It’s now the time to hang out on the porch with a beverage of choice and enjoy a book in the sun, so we’re recommending 12 new ones for June, including Iranian and Brazilian satires, returns of great novelists, and uncanny short story collections.

Godwin, Joseph O’Neill (June 4)

Author of Netherland Joseph O’Neill returns with Godwin, another international adventure centering a hapless but good-natured man, roaming wherever life will take him. Mark Wolfe’s England-based half-brother Geoff, a soccer scout, clues him in on a young African athlete known only as “Godwin” that he says could be the next Lionel Messi. Narrated by Mark and his coworker, Lakesha, the two men travel to search for Godwin in this original novel that touches on capitalism, family, pipe dreams and calls to mind the atrocious history of transatlantic travel.
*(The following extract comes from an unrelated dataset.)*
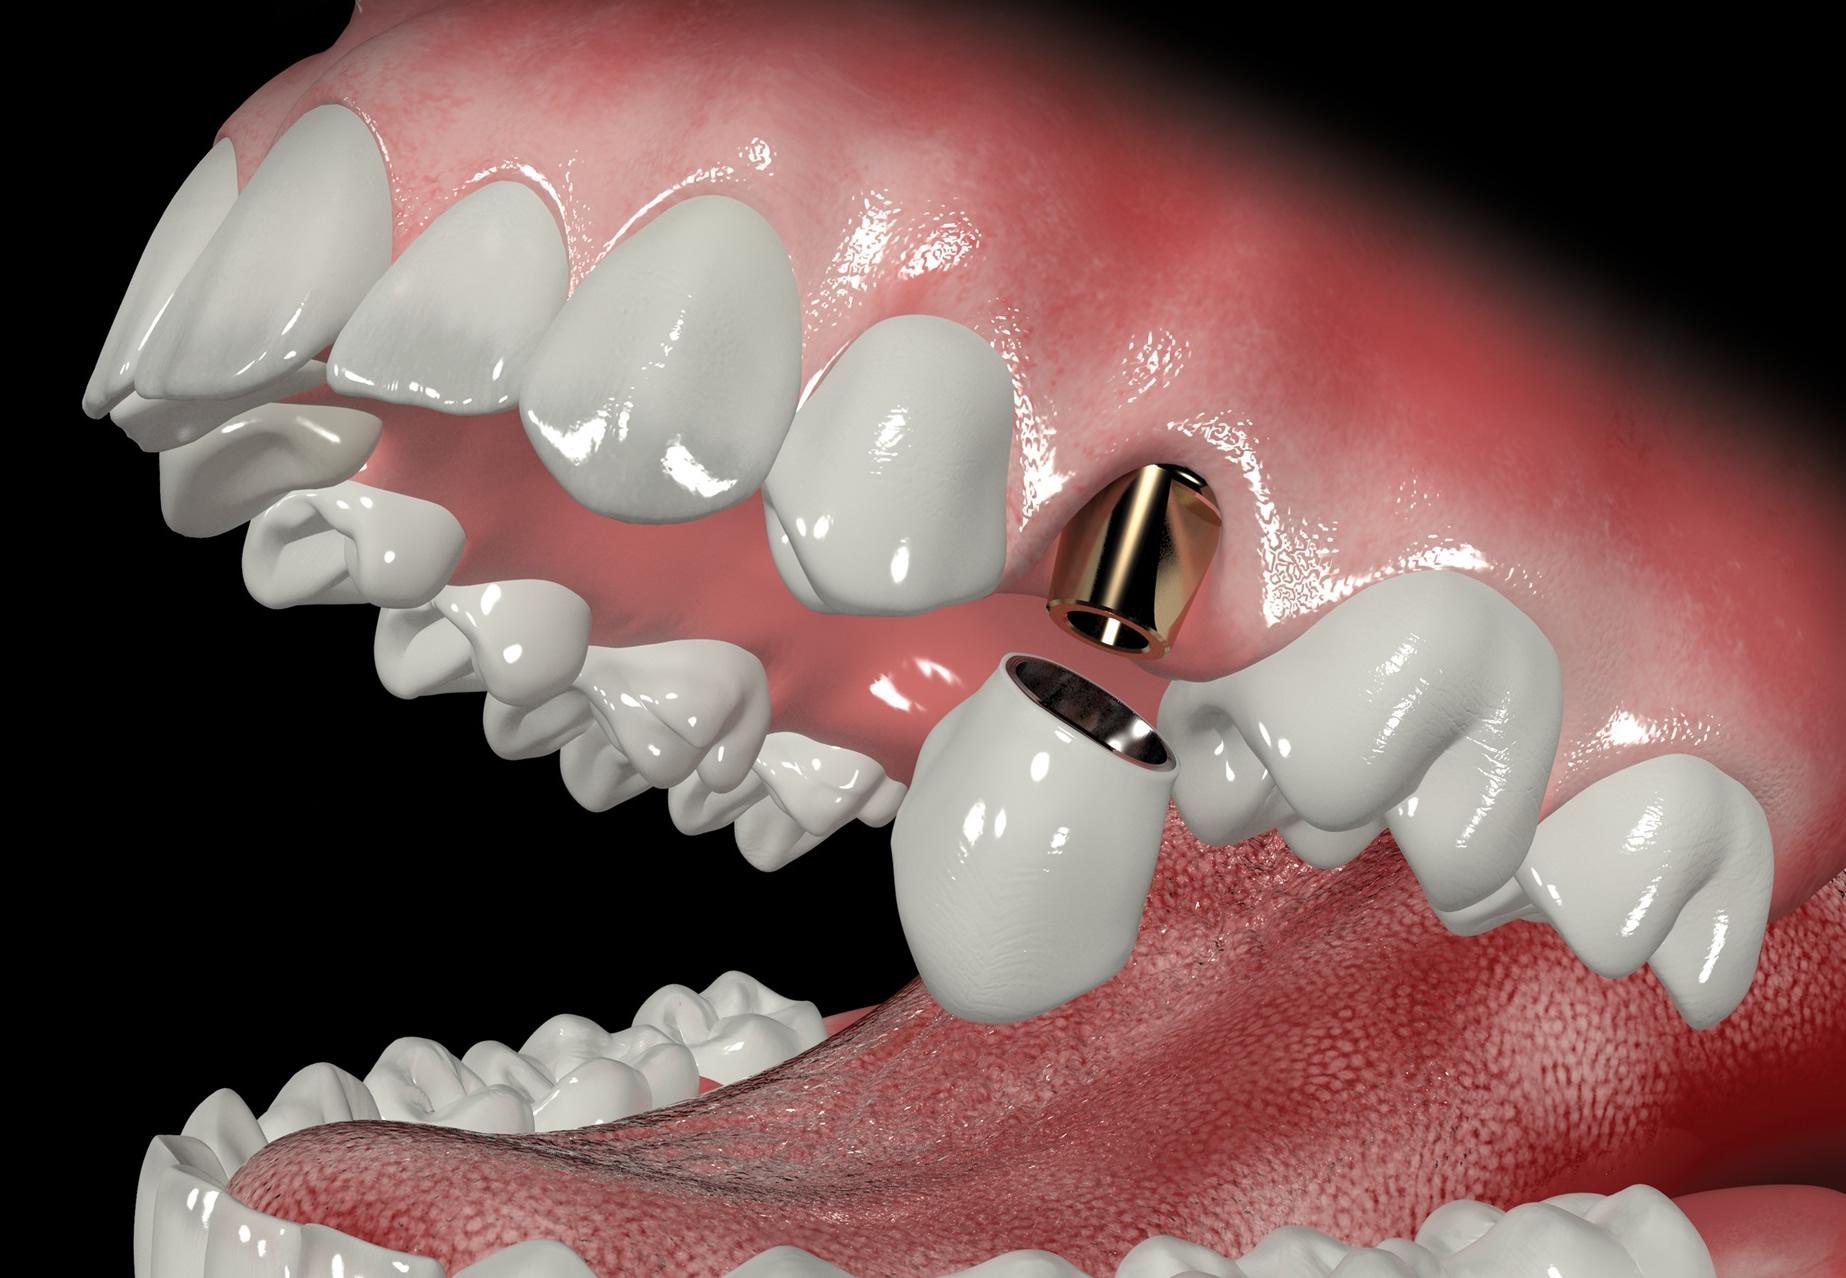 Абатмент коронка на зуб

Role Play, Clara Drummond (June 4)

The third novel and first to be translated into English by Brazilian satirist Clara Drummond, Role Play’s narrator is a wealthy gallery curator in Rio de Janeiro about to undergo a class awakening. Vivian is sharp, unflinching with her ideas about Brazilian elites, art, women, and social inequality — she’s a misogynist, but fine with gays, who she sees as equals. After she’s privy to a bout of police violence, Vivian must examine the world and see if it actually was built for someone like her.

Tehrangeles, Porochista Khakpour (June 11)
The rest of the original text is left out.